Dr. Diptesh Kanojia is the instructor, and his email is d.kanojia@surrey.ac.uk.

The Need to Communicate

Language is a communication tool composed of written and sound symbols that varies across regions.
Communication involves message exchange, with language as the primary but not the only method.
Non-linguistic communication includes gestures and graphical representations.
Humans naturally extend language-based communication to interactions with computers.

Language Challenges

Ambiguity in language requires context for disambiguation (interpretation, irony, culture).
Examples of ambiguity:
- "I don’t really walk to the bank at night" (bank as in river bank, or financial institute)
- "I saw someone with the telescope."
Language evolves through neologisms and non-standard language use (e.g., "Get Brexit done").
Slang varies across generations (e.g., "(no) cap, sus, tea" for Gen-Z, "Dude, kewl, fricking" for Gen-X).
Idioms like "Over the moon" and "Piece of cake" present interpretive challenges.
Entity names (e.g., "The lord of the rings") require specific recognition.

Starting with Words

Words are fundamental data in NLP.
Languages average around 200,000 unique words, ranging from 10,000 to 1 million.
Some words occur more frequently than others, following Zipf’s Law: $freq \times rank ≈ constant$ . The frequency of a word has an inverse relationship to its rank in the frequency table.

NLP Leverages Linguistics

Linguistics studies language, including morphology, meaning, context, and socio-cultural/historical influences.
Understanding language structure is crucial for building NLP systems, specifically:
- Words
- Morphology
- Parts of speech
- Syntax parsing
- Semantics
- Textual entailment
Example:
- Phrase: NLP is a really cool subject
- Parts of speech: NNP VBZ DT RB JJ NN
- Phrases and clauses: NP NP VP S
- Cool means fashionable but also hard, showing contrast.

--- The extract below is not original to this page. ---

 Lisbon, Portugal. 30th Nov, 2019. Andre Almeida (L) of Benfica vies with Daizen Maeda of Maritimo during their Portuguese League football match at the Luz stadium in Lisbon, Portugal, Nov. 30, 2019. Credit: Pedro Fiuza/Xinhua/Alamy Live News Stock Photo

Language Related Building Tools

Libraries and services available for language-related tasks include:
- Tokenizing (NLTK, HuggingFace Tokenizers)
- Lemmatising or Stemming
- Grammar detection & correction (e.g., silvio/docker-languagetool)
- Part-of-Speech (PoS) tagging (Spacy, Stanza)
- Named Entity Recognition (NER) (Spacy, Flair)
- Coreference resolution (Stanford CoreNLP)
- Textual Entailment (NLI models on HuggingFace)

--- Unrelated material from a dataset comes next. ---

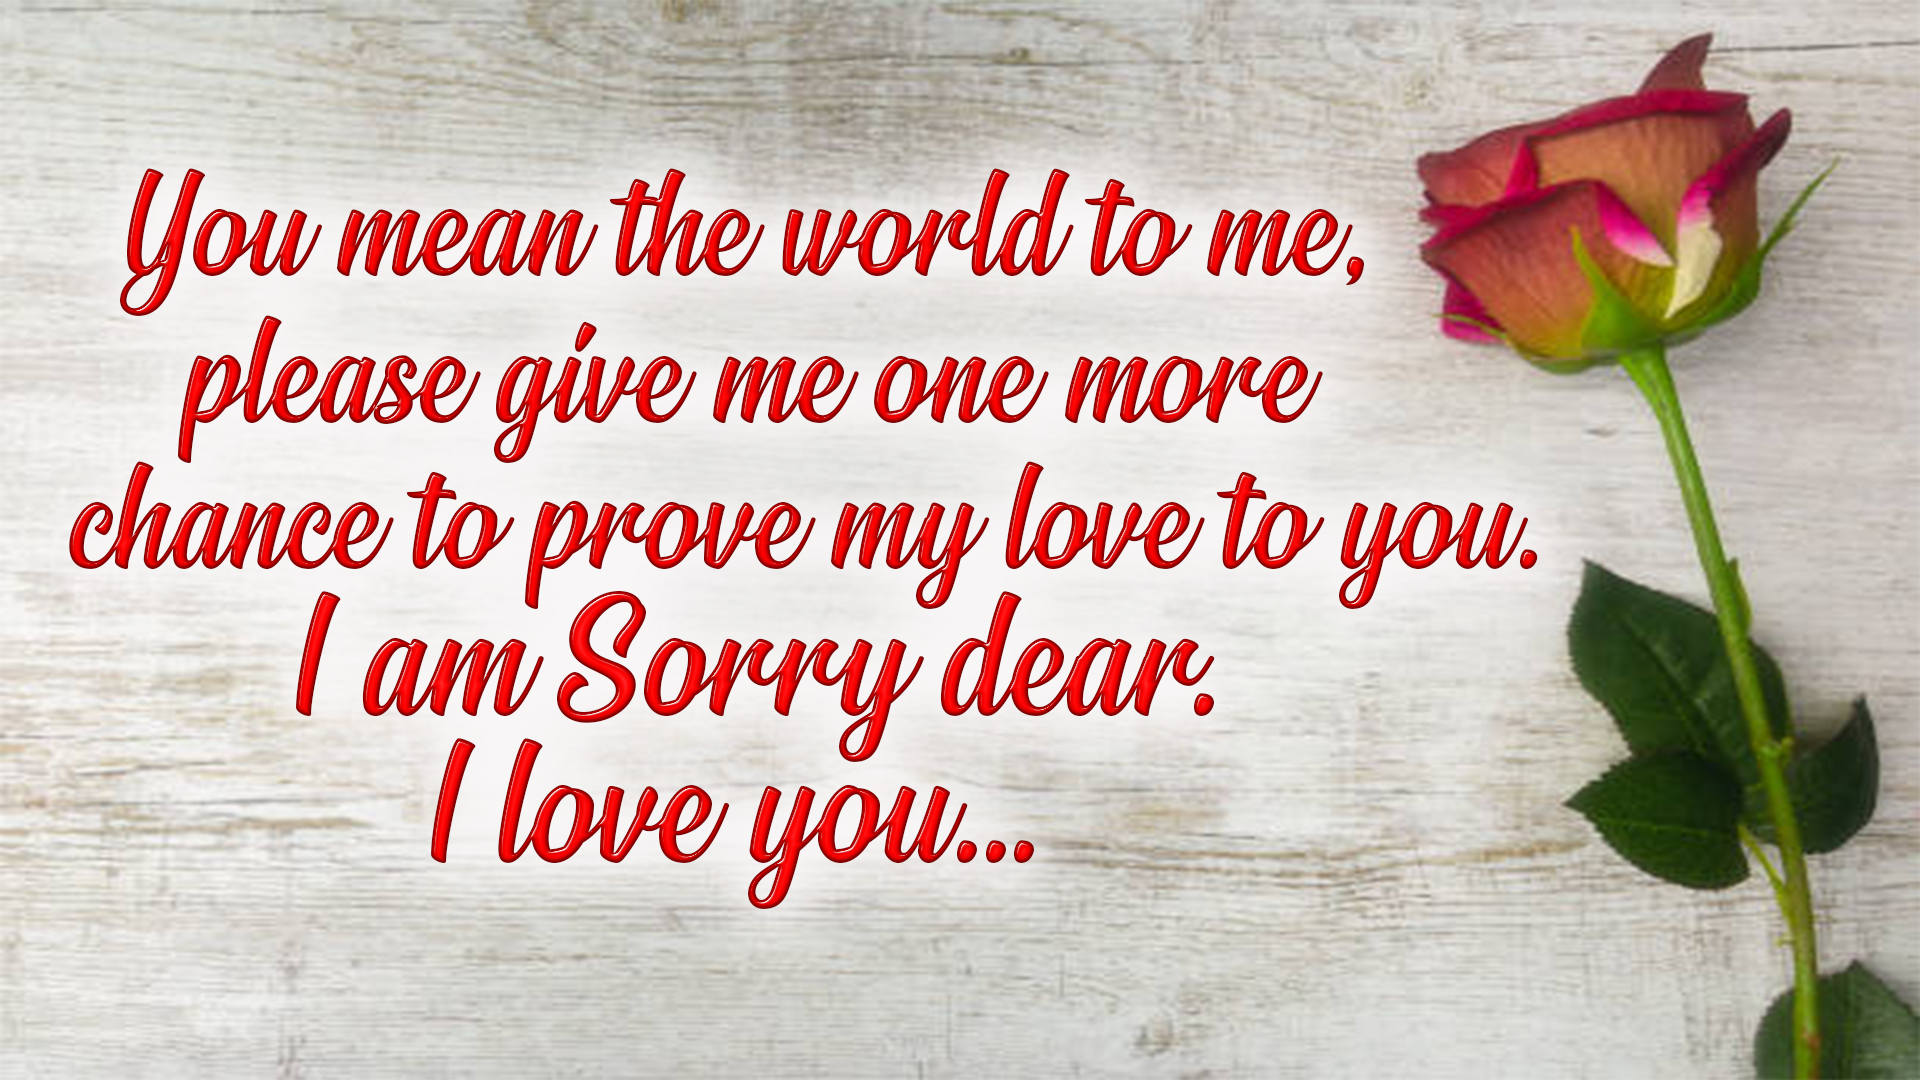 Sad heartfelt sorry messages quotes with images

Natural Language Processing

Natural Language Processing (NLP) is communication between humans and computers using natural language.
Text is transformed into numerical data for computers to interpret the world.
Training language models requires diverse and vast text corpora from news, websites, blogs, and books.
Multilingual NLP systems need decent representation for each language in the corpus.

Fundamental differences between humans and machines process language

Machines need Language to be converted into numeric form.

Goals of Natural Language Processing

Understand Human Language
- Ensure machines understand human language
Analyze Human Language
- Textual analytics, extraction, and retrieval to analyze the information present in human language.
Generate Human Language
- Generation of understandable human language to interface with people.

NLP Problems Intersects with Various Fields

Linguistics
- Morphology
- Finite-state machines
- Morphology Analyzer
- Syntactics
- Parser
- Semantics
- Parsing
Computer Science
- Machine/Deep learning
- Sentiment Analysis
- Information Retrieval
- Summarization
- Probability theory
Cognates
- Lexicon
- Ontology generation
- Graphs & trees
- Machine Translation
- Sense Disambiguation

NLP Positioning

NLP lies at the intersection of Linguistics, Artificial Intelligence, Machine Learning, and Deep Learning.

Artificial Intelligence

Artificial Intelligence (AI) is the ability of machines to mimic human-like intelligence and cognitive functions.
Artificial General Intelligence (AGI) aims for computers to learn and perform tasks without explicit programming, similar to human learning.
ChatGPT exemplifies a step toward AGI.

Deeper AI: Machine Learning & Deep Learning

Machine Learning (ML) uses data examples for computers to make decisions, contrasting conventional programming with hardcoded rules.
ML algorithms observe data and generate models for software systems.
Deep Learning (DL) is a subset of ML that "deepens" the algorithm's internal architecture for complex non-linear problems, often involving hidden layers in Artificial Neural Networks (ANN).
Nowadays DL is assumed even when people refer to ML.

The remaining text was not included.